AI-generated output handling. Organizations consuming AI-generated content — reports, code, documents, analyses — increasingly need to transfer that content to other systems, other organizations, and downstream processes. The sensitivity profile of AI-generated content isn’t always obvious at generation time; a regulatory submission that was drafted with AI assistance and then transmitted to a regulator is still a regulated document. The file-transfer controls that govern it should be the same as any other regulated document transfer.

Model and artifact distribution. Organizations that deploy AI models internally and to partners need a secure, auditable way to distribute those artifacts. Model files are large, they carry intellectual property value, and a compromised model file — whether through tampering or substitution — can cause downstream harm that’s difficult to trace. Secure file transfer with integrity verification and audit logging is a natural fit for model artifact distribution.

The through-line is that AI workflows generate and consume regulated data, and regulated data flows through file-transfer infrastructure. AI security without file-transfer security is incomplete.

Three things we’ll contribute

Our participation in CoSAI isn’t passive. We’ve committed to three concrete contributions.

First: a reference architecture for AI training-data transfers. We’re drafting a reference architecture for organizations that need to move training data and model artifacts with integrity attestation and audit trail. This will cover hash verification at transfer boundaries, chain-of-custody logging that can be incorporated into model cards, and access control patterns for training pipelines that receive data from external sources. We expect to publish this in Q3 and contribute it to the CoSAI working group for feedback and incorporation into broader guidance.

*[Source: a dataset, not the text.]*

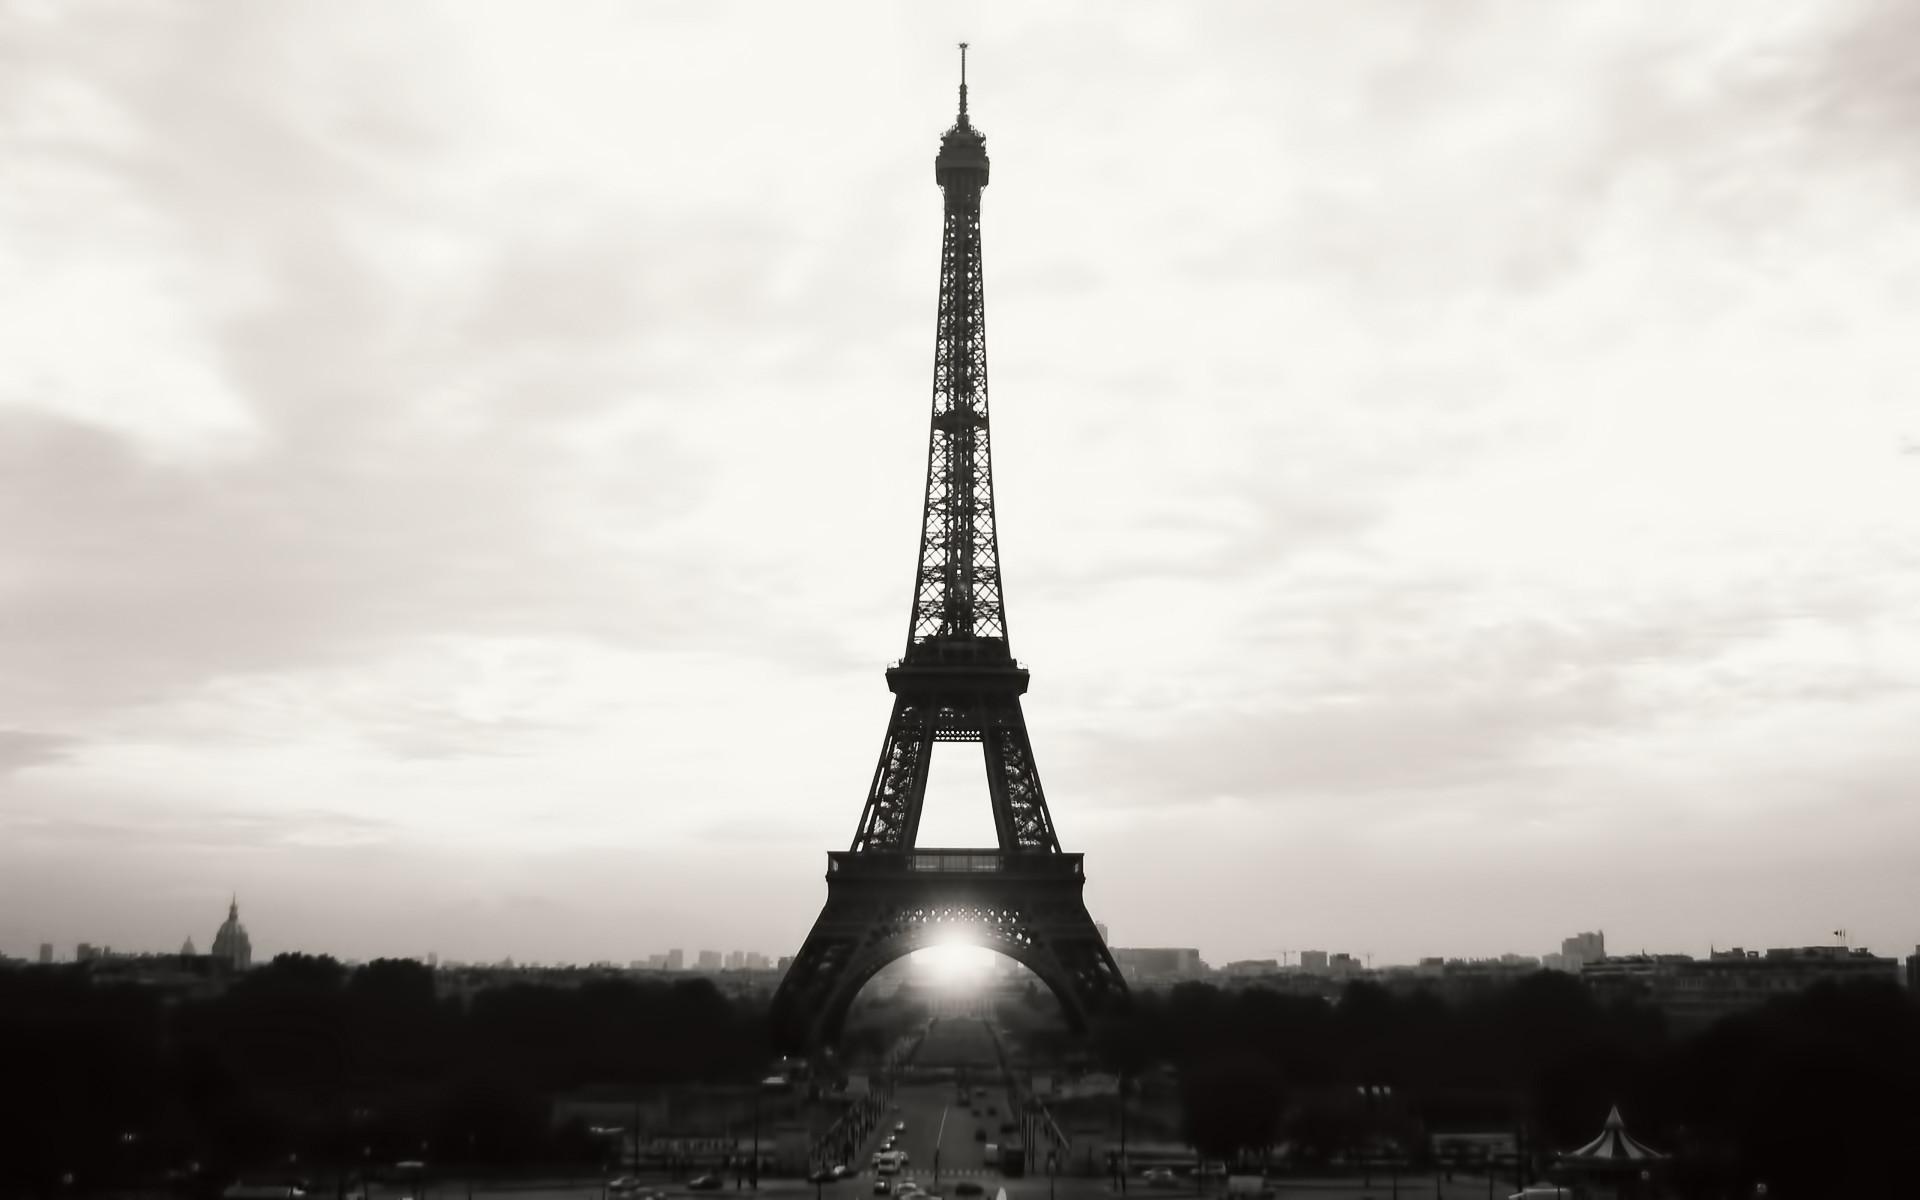 1920x1200 Eiffel Tower Paris Black And White Photography Desktop Wallpaper

Second: threat modeling for AI-assisted attacks on file-transfer infrastructure. The Q4 2024 credential-stuffing campaign we documented in our January threat report showed signs of AI-assisted targeting — credential lists curated with a precision that suggests automated filtering and classification. We’re working with CoSAI members to develop threat models that specifically address AI-assisted attacks against file-transfer and data-movement infrastructure. This isn’t hypothetical; the tooling exists and is in use. The threat models will feed into the broader CoSAI AI-threat framework.

Third: product telemetry contribution. We see a substantial volume of file-transfer traffic involving AI-generated content and AI platform workflows. With appropriate customer consent and anonymization, we’ll contribute aggregate telemetry to CoSAI research efforts on AI-workflow security patterns. Understanding how AI-generated content actually moves across organizational boundaries — what protocols it uses, what access control patterns are applied, where the gaps are — requires real-world data, and we’re in a position to provide some of it.

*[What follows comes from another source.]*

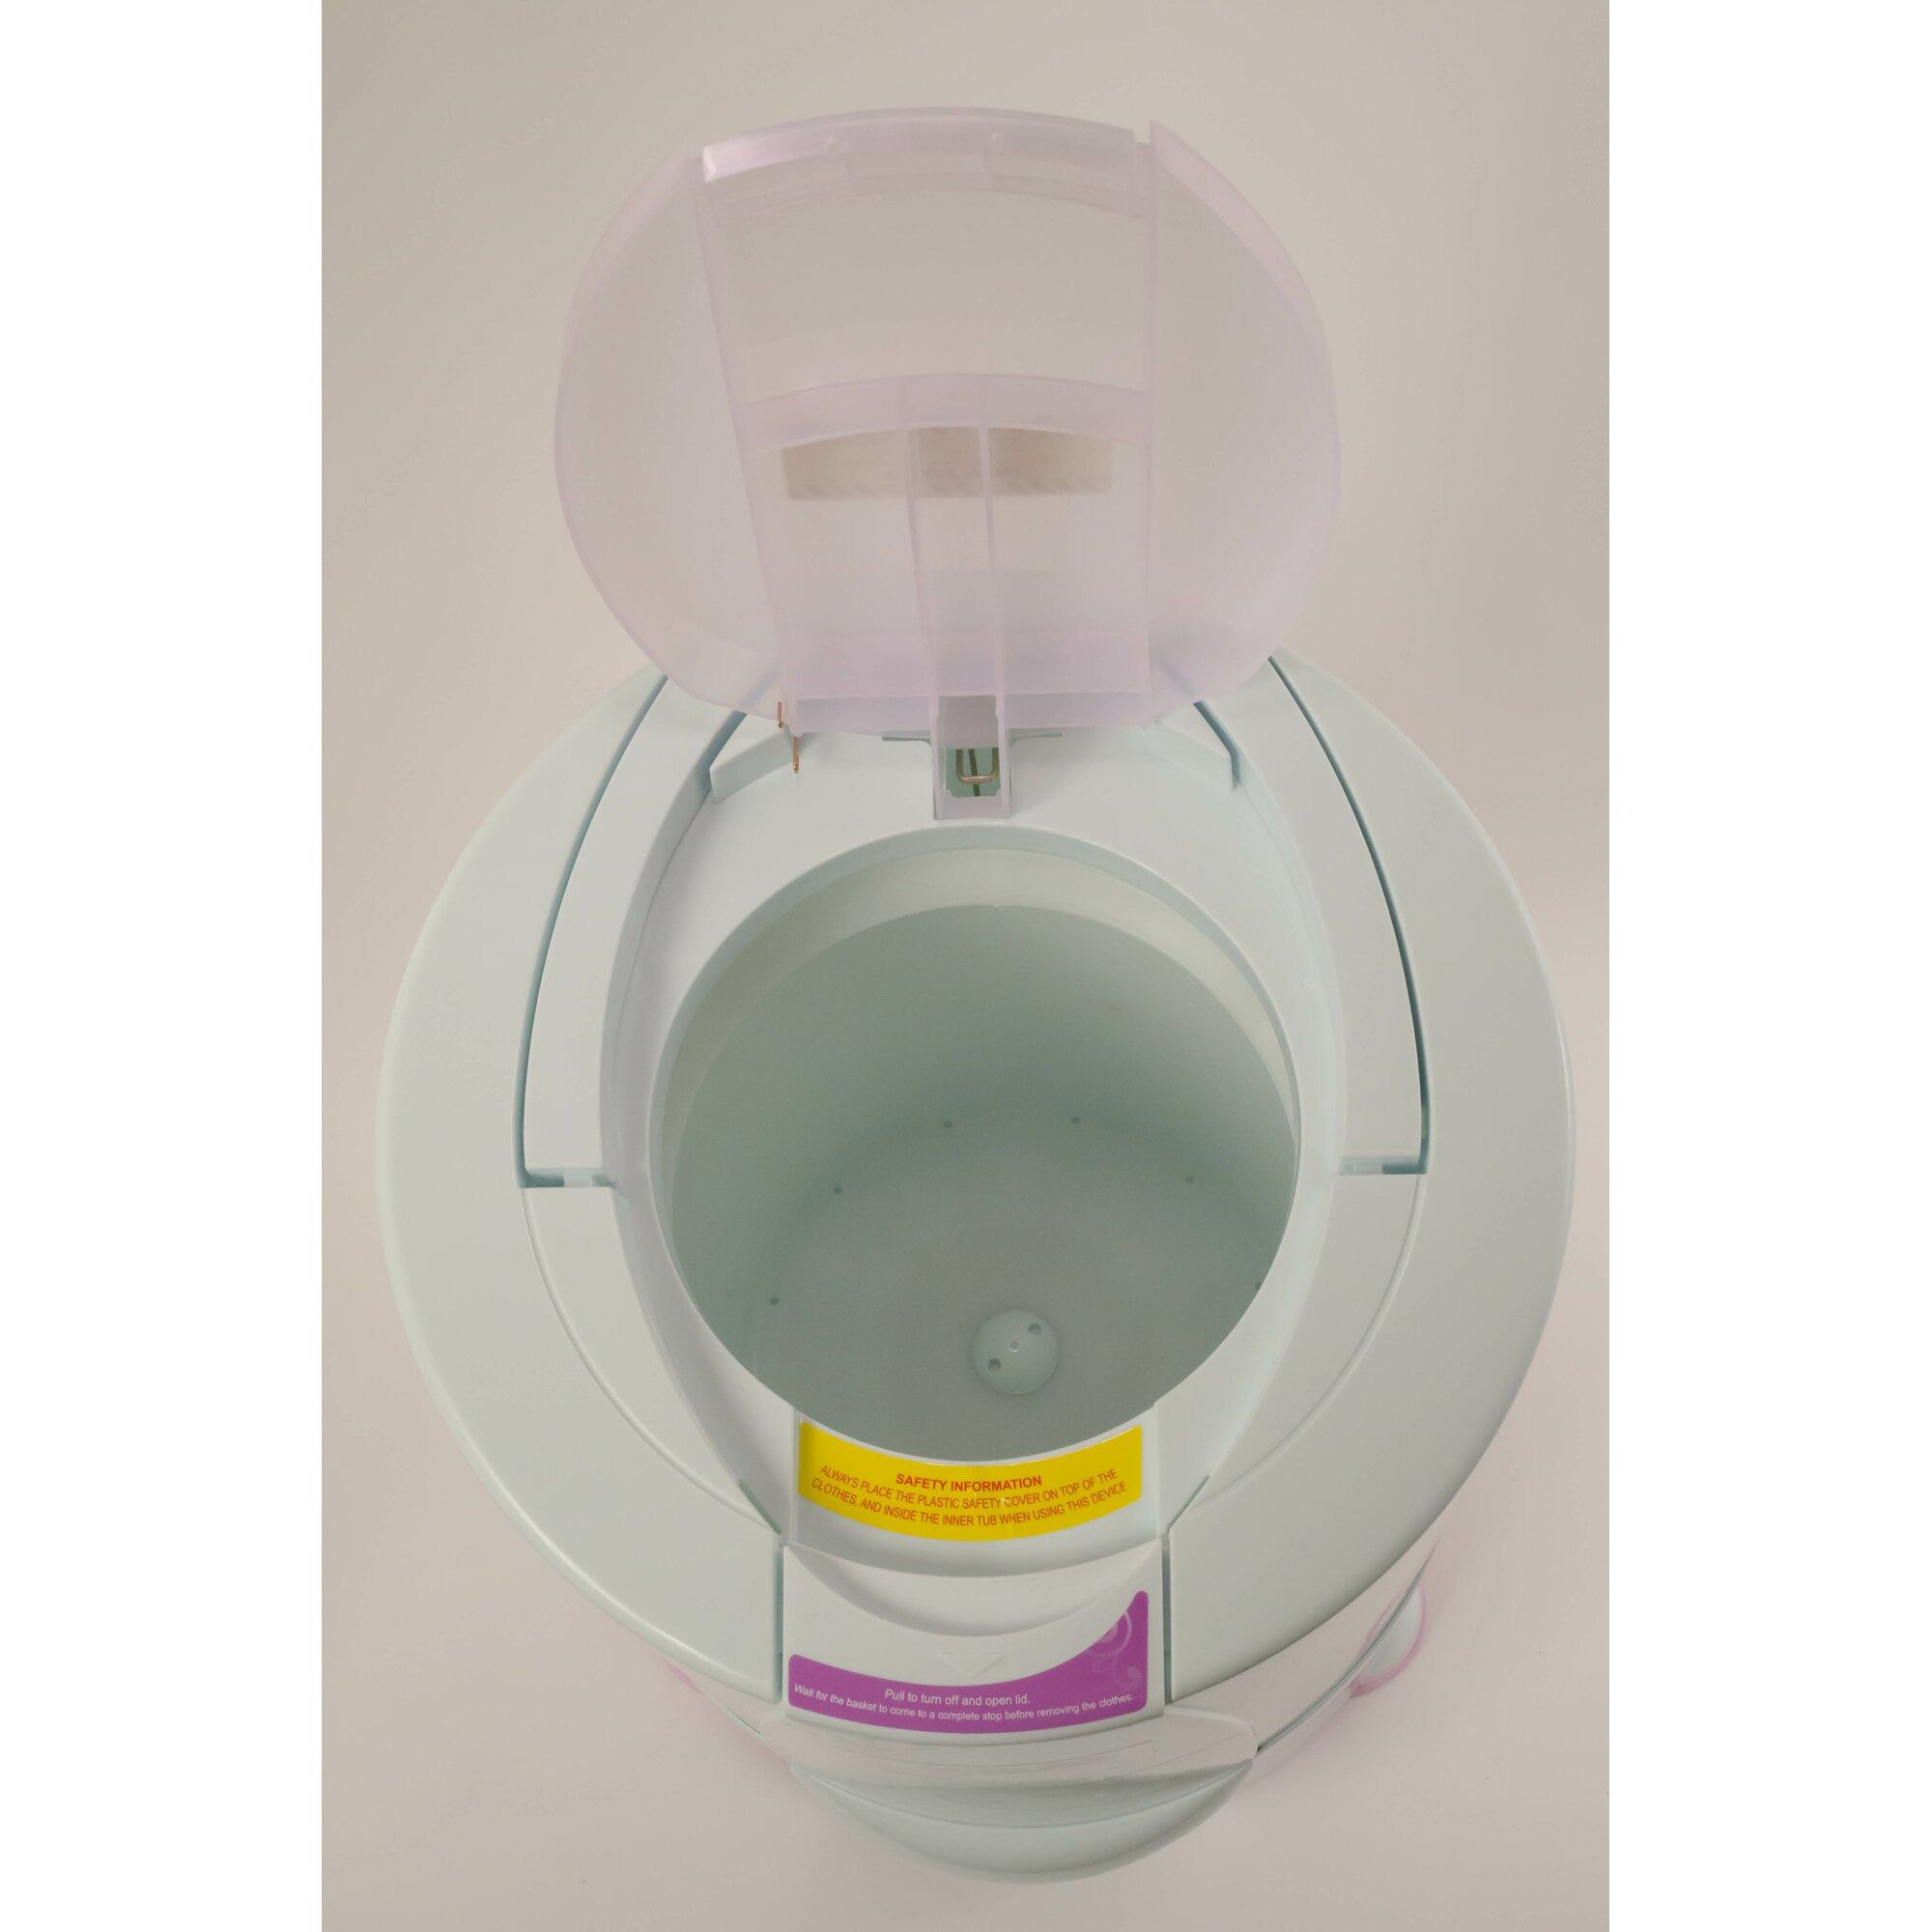 The Laundry Alternative Portable Energy Saving Dryer

What customers should expect

In the near term: nothing changes in the product. Our CoSAI participation is a contribution and research activity, not a product announcement.

In the medium term, the reference architecture and threat model work will feed into product development. We expect to add integrity attestation features specifically designed for AI data-pipeline use cases — hash-based chain-of-custody records that can be incorporated into training logs and model cards — in the second half of 2025.

Longer term, as CoSAI develops standards and frameworks, we intend to build against them. The same way we track NIST publications and CMMC requirements and build compliance documentation for our customers, we’ll track AI security standards as they mature and surface the relevant evidence in our trust portal.

We think the AI security problem is genuinely hard and genuinely important. File-transfer infrastructure is a part of the solution. We’re glad to be in the room.

Takeaway

File transfer is where AI workflows cross organizational boundaries — training data, model artifacts, AI-generated regulated content all move through the file-transfer layer. Our CoSAI membership is focused on building a training-data reference architecture, contributing AI-assisted-attack threat models, and eventually surfacing AI security evidence in our compliance documentation.